● **The data**:
────────────────────────────────────────

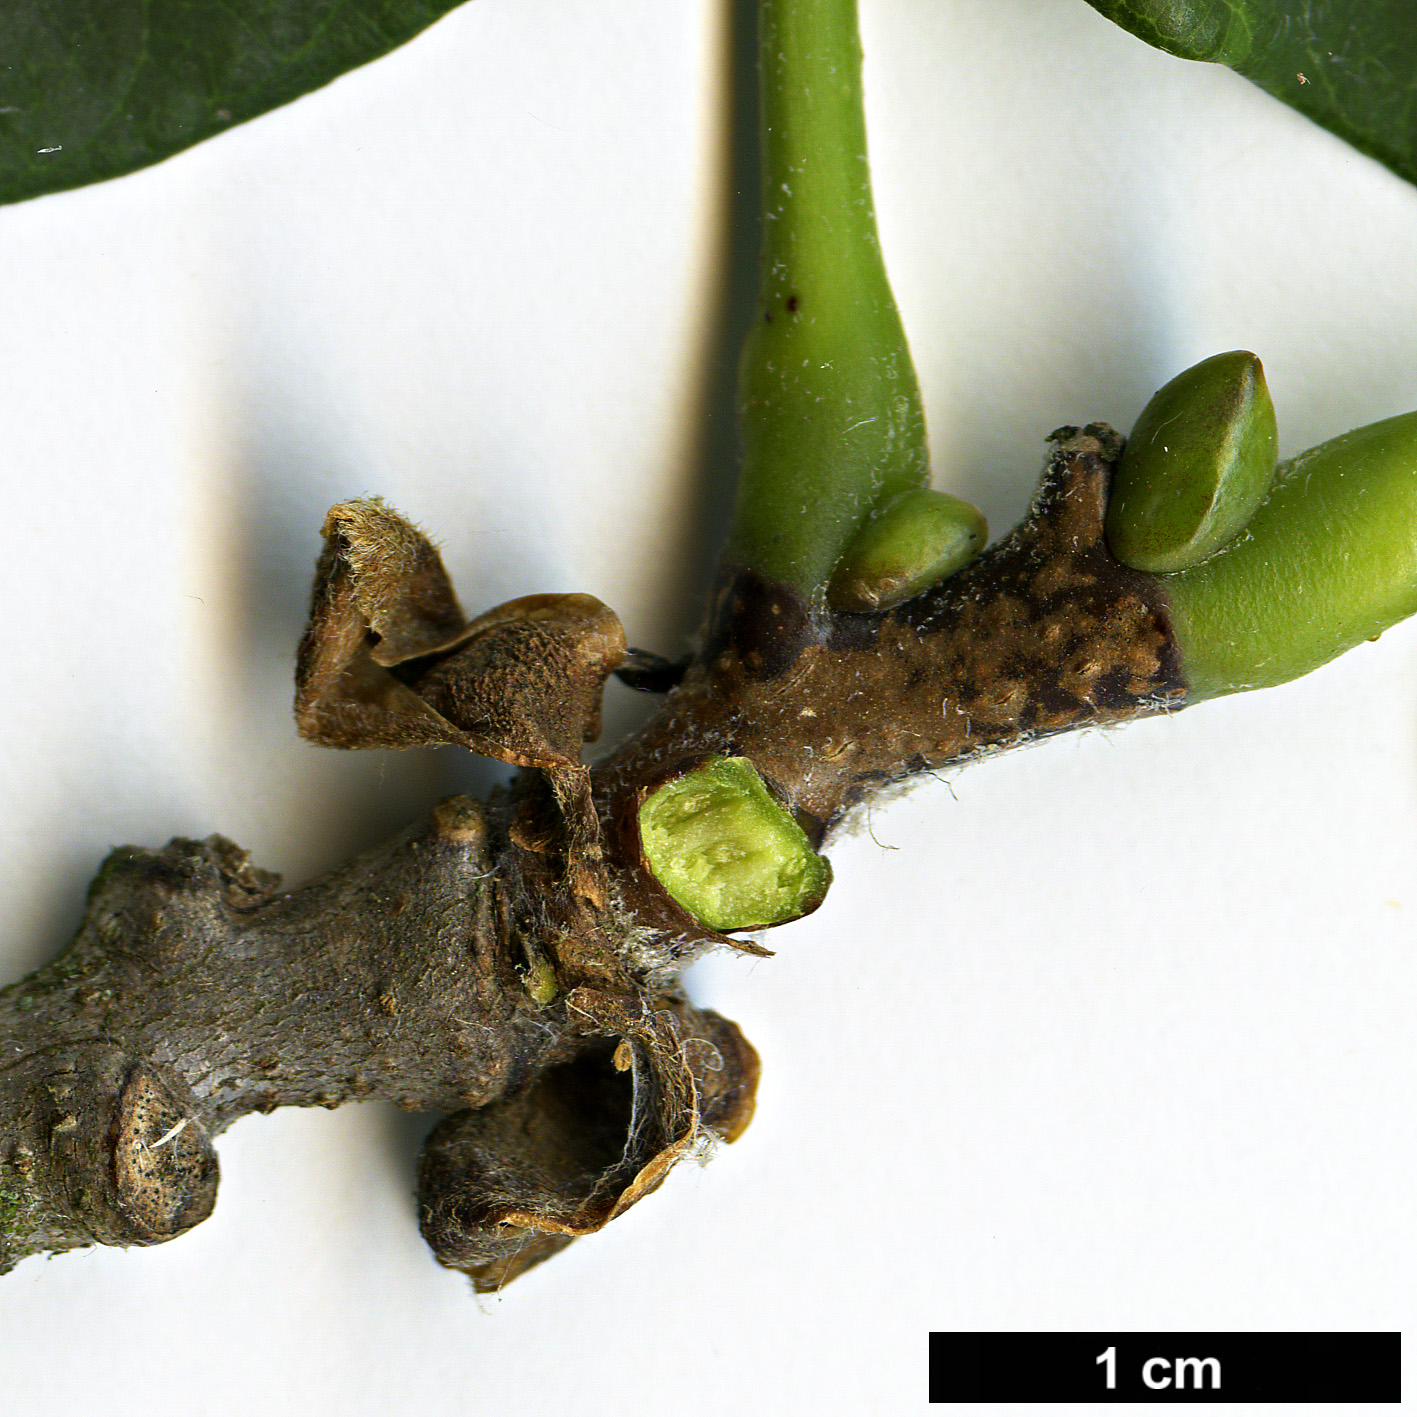 High resolution image: Family: Fabaceae - Genus: Maackia - Taxon: amurensis
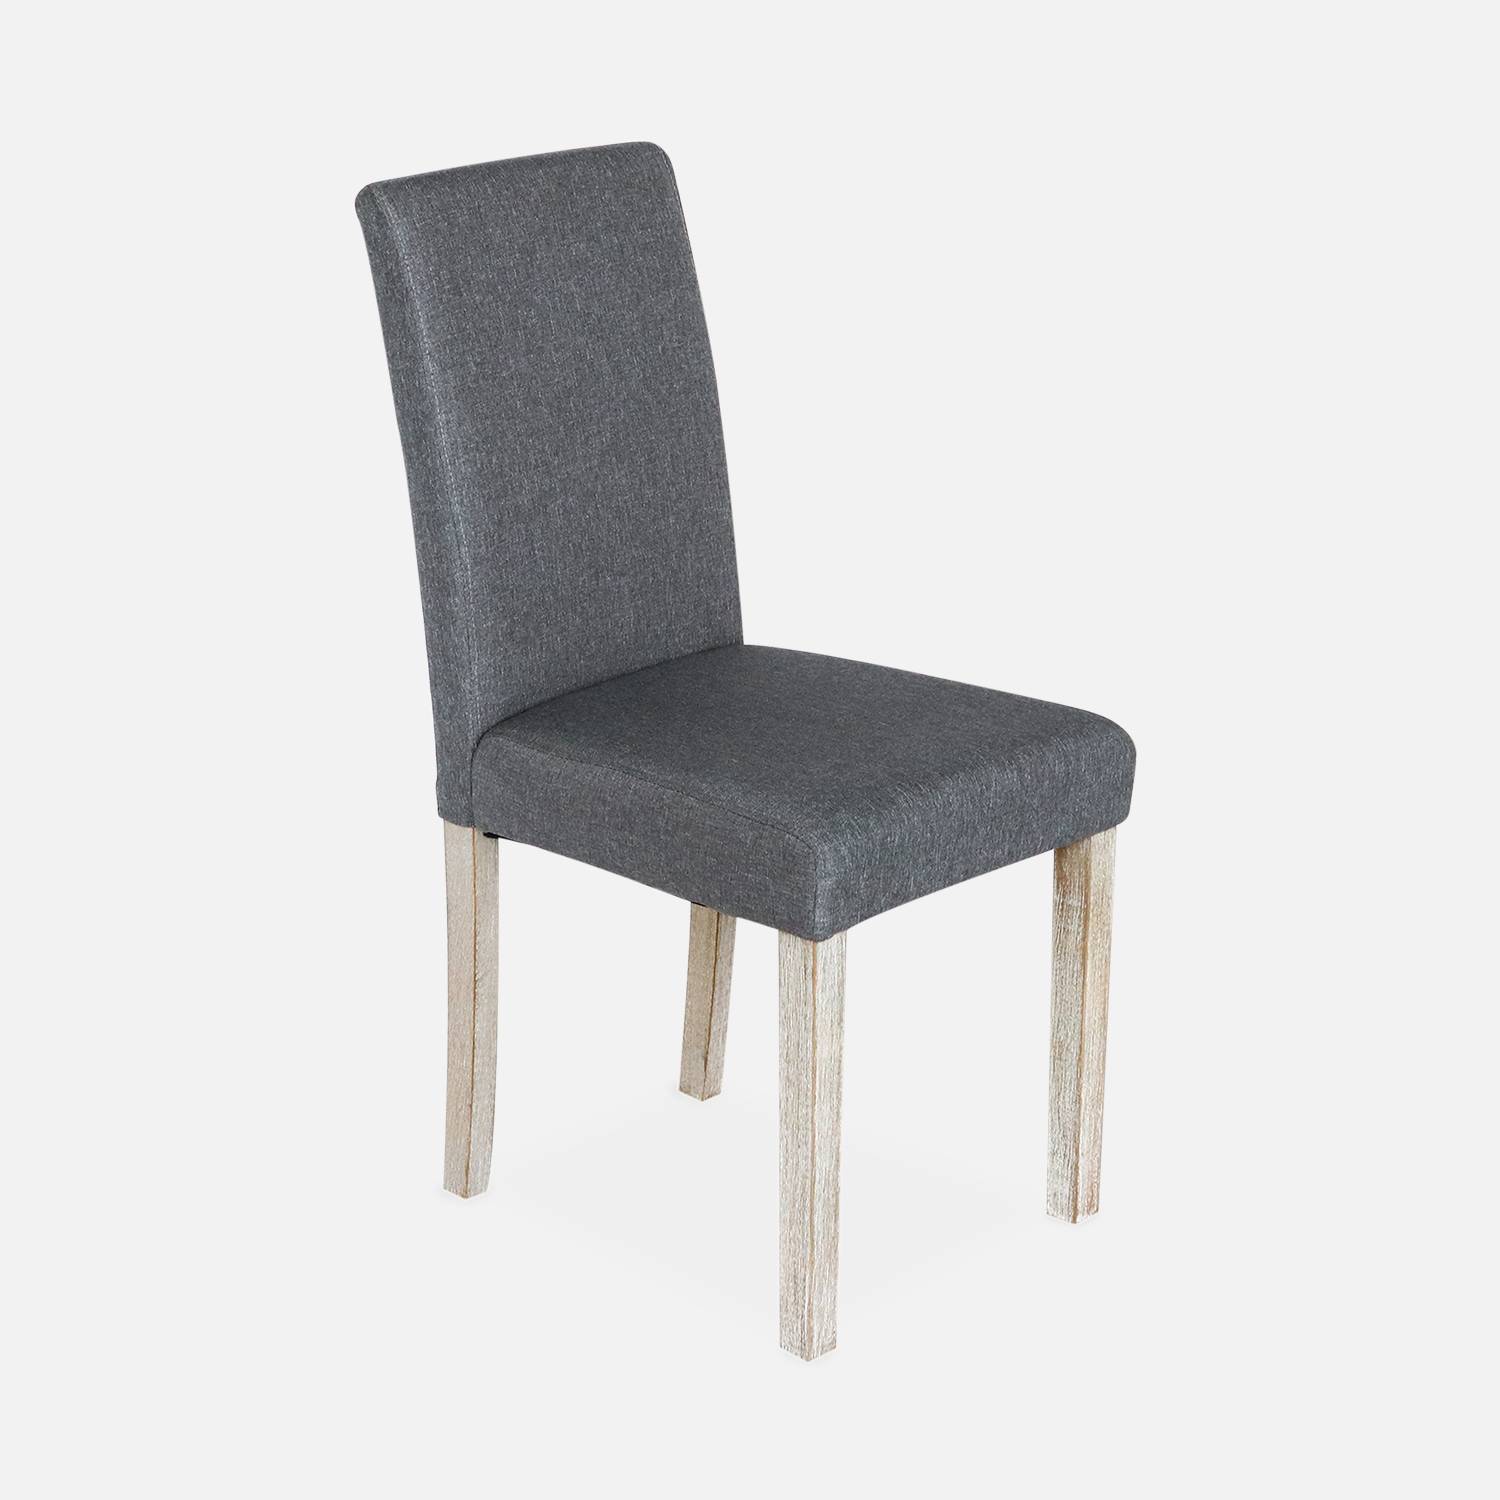  Set di 2 sedie - sedie in tessuto, gambe in legno sbiancato Photo4
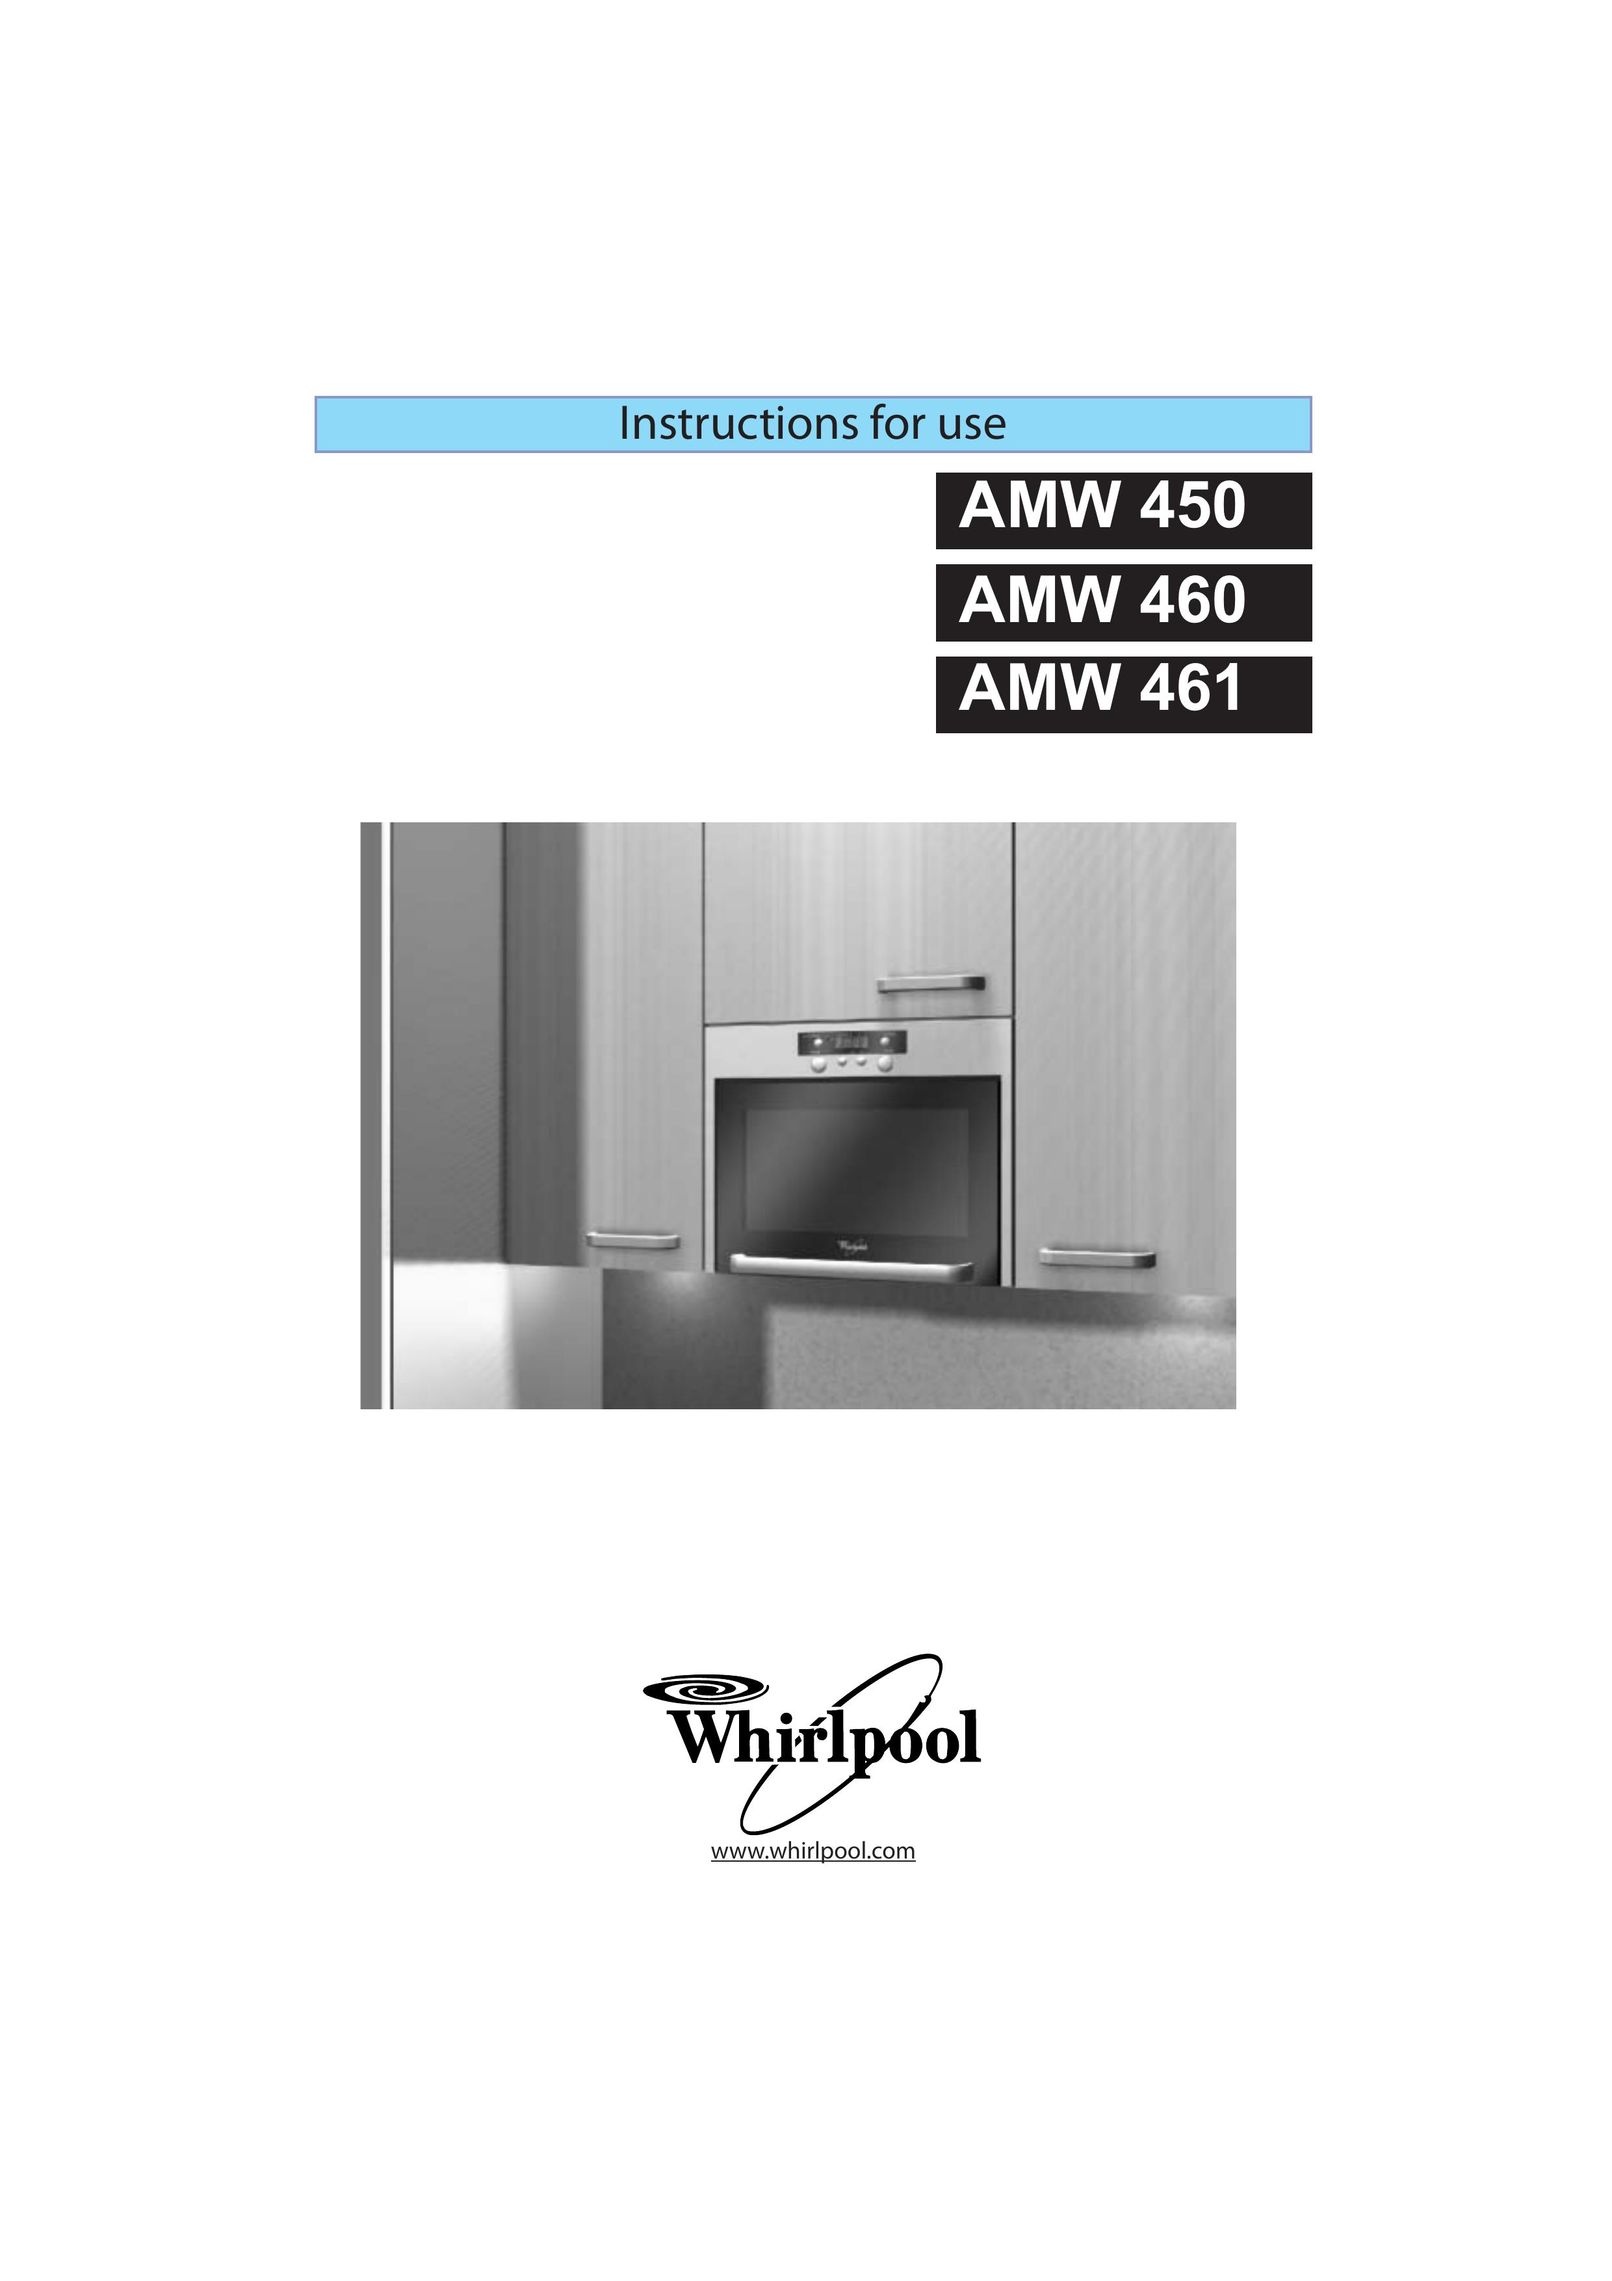 Whirlpool AMW 450 Microwave Oven User Manual
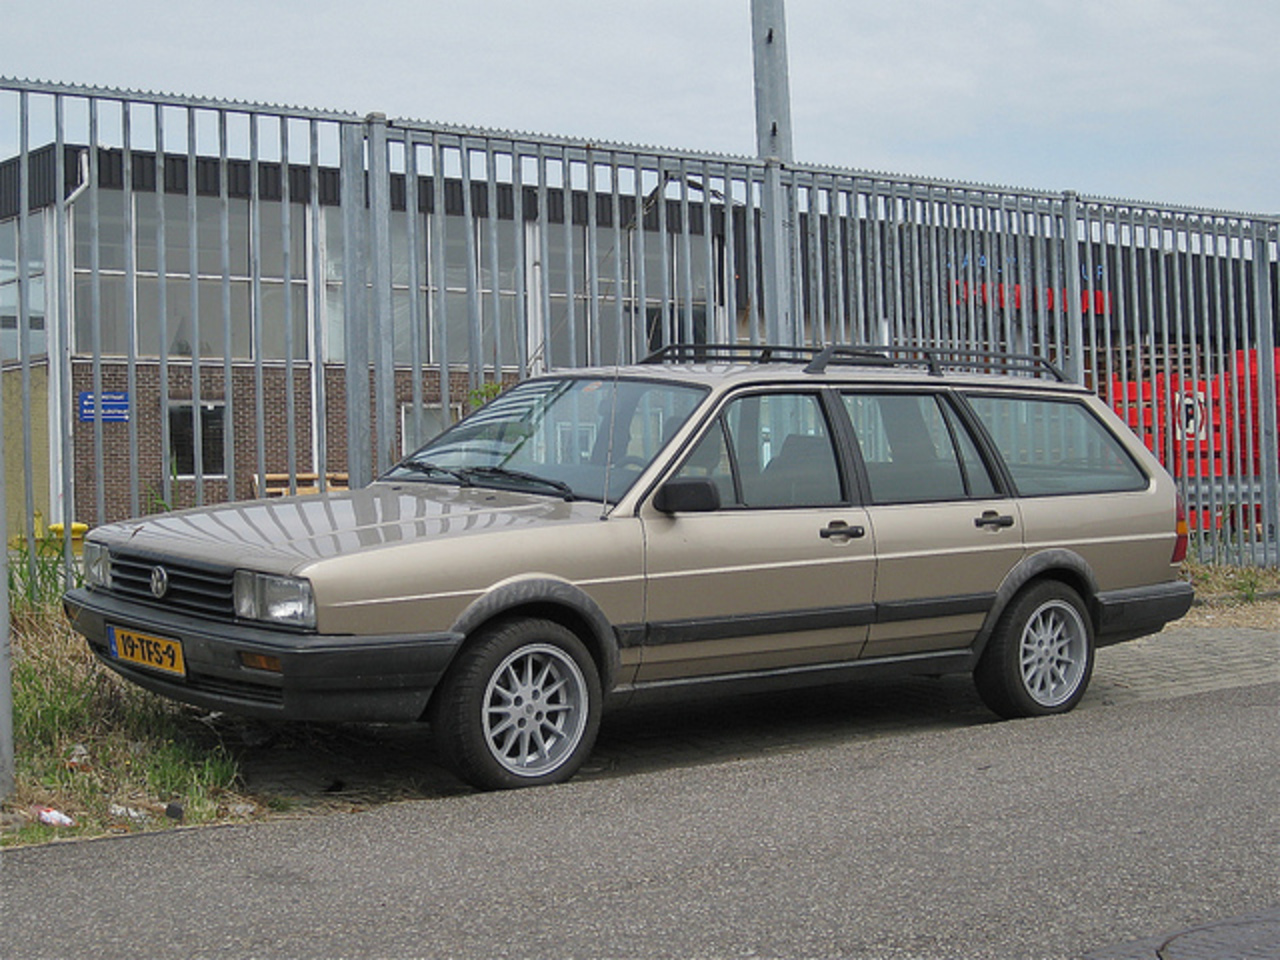 Пассат 2 универсал. Volkswagen Passat b2 универсал. VW Passat b2. VW Passat b2 variant. Фольксваген Пассат универсал 1985.

────────────────────────────────────────

● **Activity**:
Print the data again, word for word, without any pictures.

● **Exercise response**:
 High resolution image: Family: Fabaceae - Genus: Maackia - Taxon: amurensis
  Set di 2 sedie - sedie in tessuto, gambe in legno sbiancato Photo4
 Whirlpool AMW 450 Microwave Oven User Manual
 Пассат 2 универсал. Volkswagen Passat b2 универсал. VW Passat b2. VW Passat b2 variant. Фольксваген Пассат универсал 1985.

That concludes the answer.